Ambos os setores mantiveram-se em relativa estabilidade: o
trabalho autônomo cresceu 2,7% e a jornada média
de assalariados passou de 43 para 44 horas semanais.
Em
2002, como em outros anos, houve declínio de rendimento
médio dos ocupados e dos assalariados. Para os ocupados
a redução foi de 8,3%, enquanto que para os
assalariados, 7,5%, correspondendo a R$ 889,00 e R$ 929,00,
respectivamente.
Um
ponto no qual muito se fala, porém pouco se aprofunda,
é a relação da taxa de juros com a vida
do trabalhador.
Por
juros entende-se o valor pago acima da dívida contraída.
Ele pode ser simples, quando calculado sobre o montante do
capital, ou composto, quando o juro vencido e não pago
é somado ao capital emprestado, formando um montante
sobre o qual é calculado o juro seguinte.
Então,
os juros de forma simplificada são sempre a compensação
financeira do emprestador no empréstimo concedido.
O ANOTE - informativo eletrônico do Departamento Intersindical
de Estatística e Estudos Sócio-Econômicos
(DIEESE) - de julho de 2003, trouxe um explicativo muito útil
e de linguagem acessível ao trabalhador sobre a taxa
Selic e seus efeitos.
"A
taxa de juros Selic é definida como sendo a taxa overnight
do Sistema Especial de Liquidação e Custódia
(Selic).

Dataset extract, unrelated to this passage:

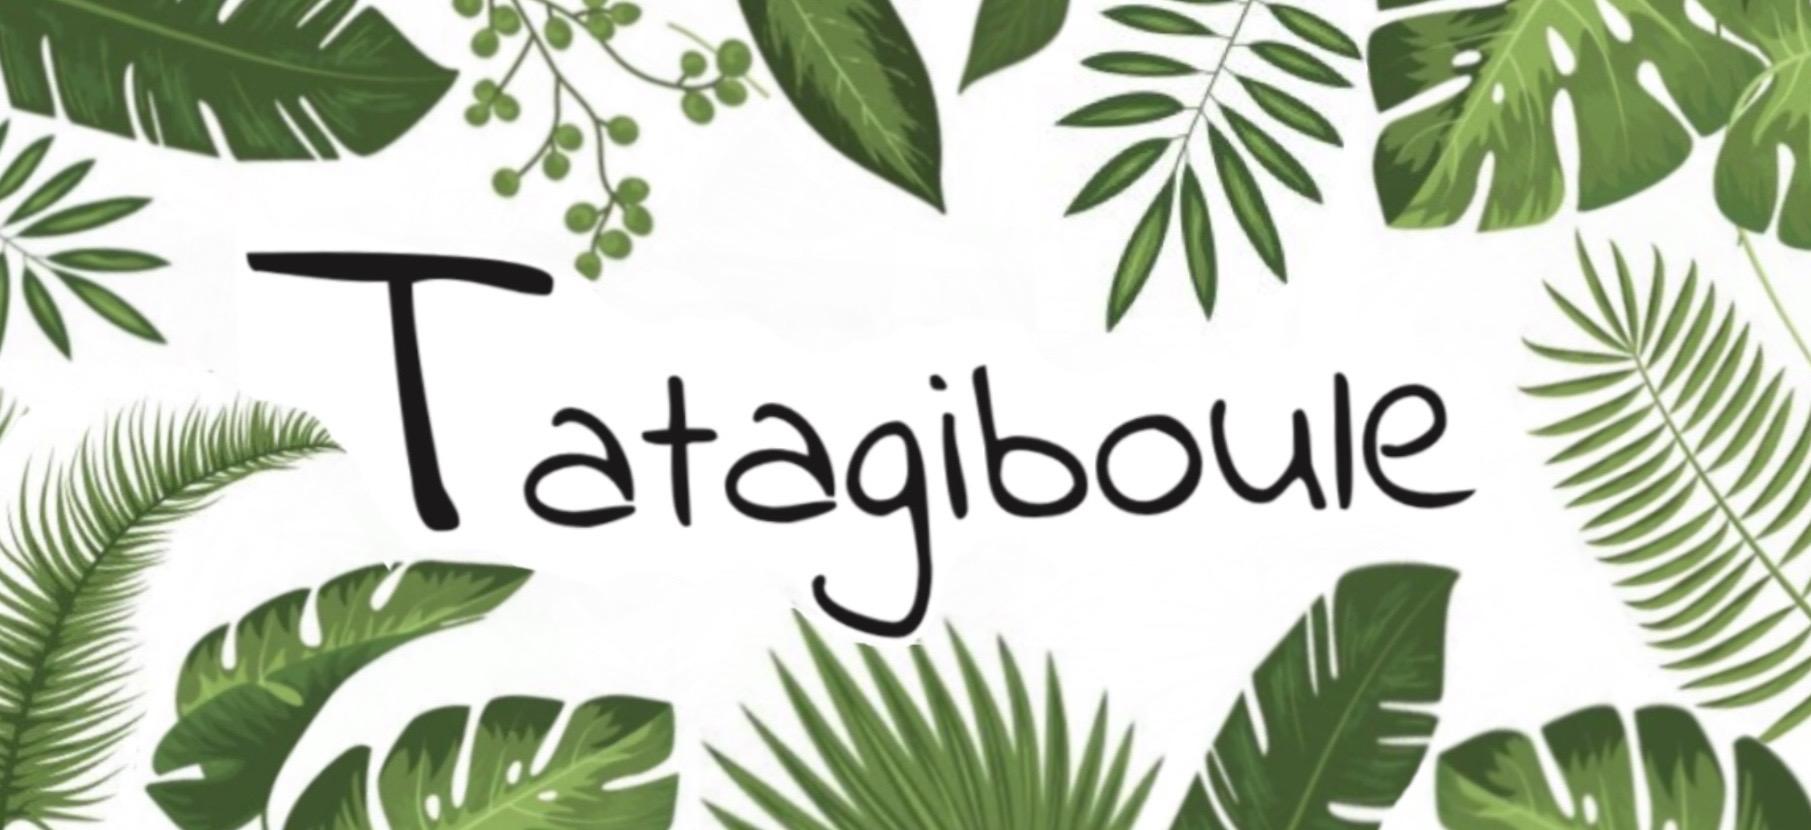 Tatagiboule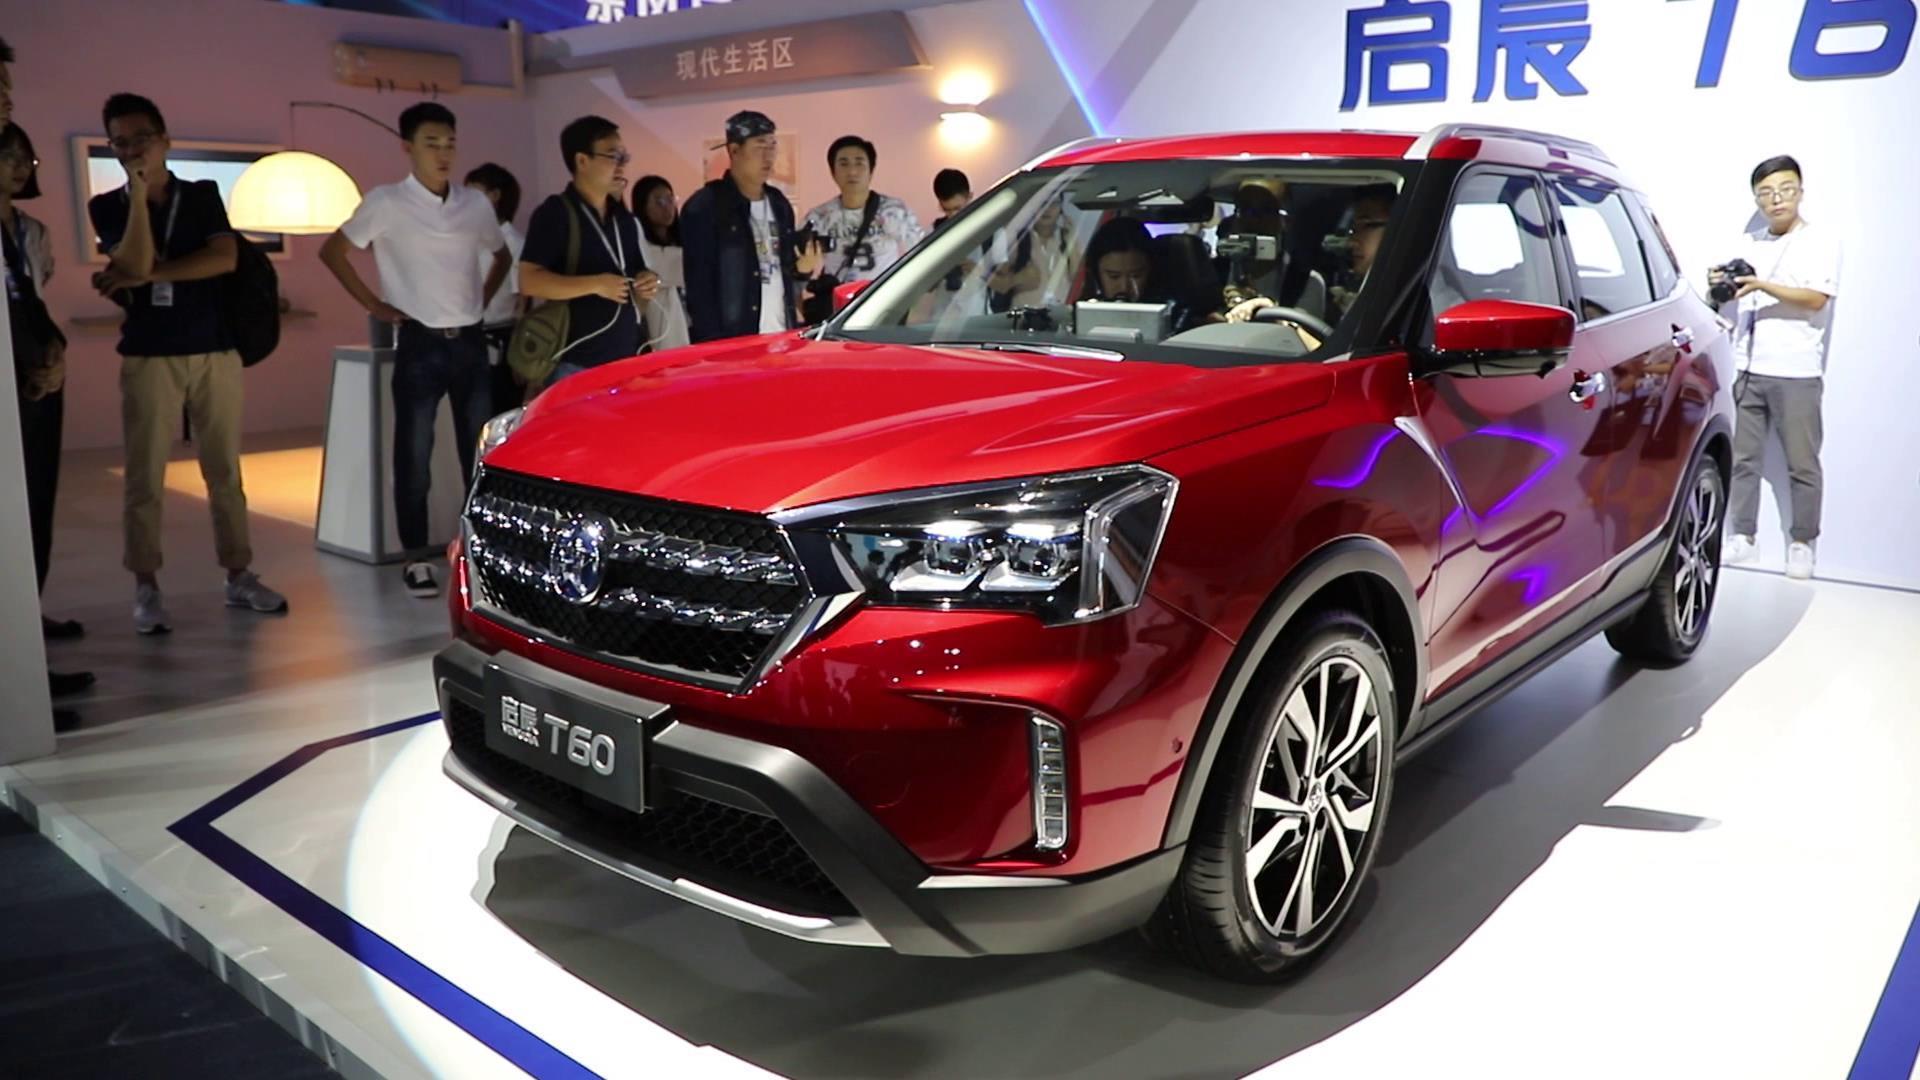 高品质智趣SUV  东风启辰T60首发亮相并启动预售

Ela é a taxa média ponderada pelo volume
das operações de financiamento por um dia, lastreadas
em títulos públicos federais e realizadas no
sistema Selic, na forma de operações compromissadas.
Ela é fixada pelo Banco Central do Brasil e é
a taxa básica utilizada como referência pela
política monetária entendida como conjunto de
medidas adotadas pelo governo visando adequar os meios de
pagamentos disponíveis (moeda) às necessidades
da economia do país.
Como
a taxa Selic é utilizada no mercado para operações
interbancárias de um dia e funciona como referencia
básica para os juros da economia, ela acaba afetando
a vida de um trabalhador, pois a elevação ou
diminuição dos juros básicos naturalmente
eleva ou reduz as taxas cobradas pelo banco no crédito
ao consumidor ou às empresas."
A
justificativa apresentada ao governo para a manutenção
dos juros altos é o controle da inflação,
garantir a entrada de capitais externos e manter o campo em
patamares considerados razoáveis.
A
queda da taxa de juros é uma reivindicação
que unifica o capital e o trabalho, já que tanto os
trabalhadores como o empresariado a consideram um entrave
para o crescimento econômico e a possível geração
de empregos a partir dela; além disso, consideram que
não há motivo para mantê-la alta já
que a inflação está sob controle.
Segundo
dados do Banco Central, os gastos do setor público
com o pagamento de juros cresceram 68,8% entre janeiro e agosto
deste ano, em relação ao mesmo período
em 2002. Até agosto deste ano, os gastos com juros
somam R$ 102.417 bilhões (10,2% do PIB), sendo que
esse total, no mesmo período, ficou em R$ 60.689 bilhões
(7,17% do PIB). Isso reflete na elevação da
taxa Selic que corrige, aproximadamente, metade da dívida
do setor público.
Entre
janeiro e agosto de 2003, a taxa Selic ficou acumulada em
16,17%. Em média, esses foram os juros que efetivamente
incidiram no período sobre boa parte da dívida.
O
governo busca um equilíbrio maior através do
superávit primário, que durante o mesmo período
ficou acumulado em R$ 49.293 bilhões (4,91% do PIB)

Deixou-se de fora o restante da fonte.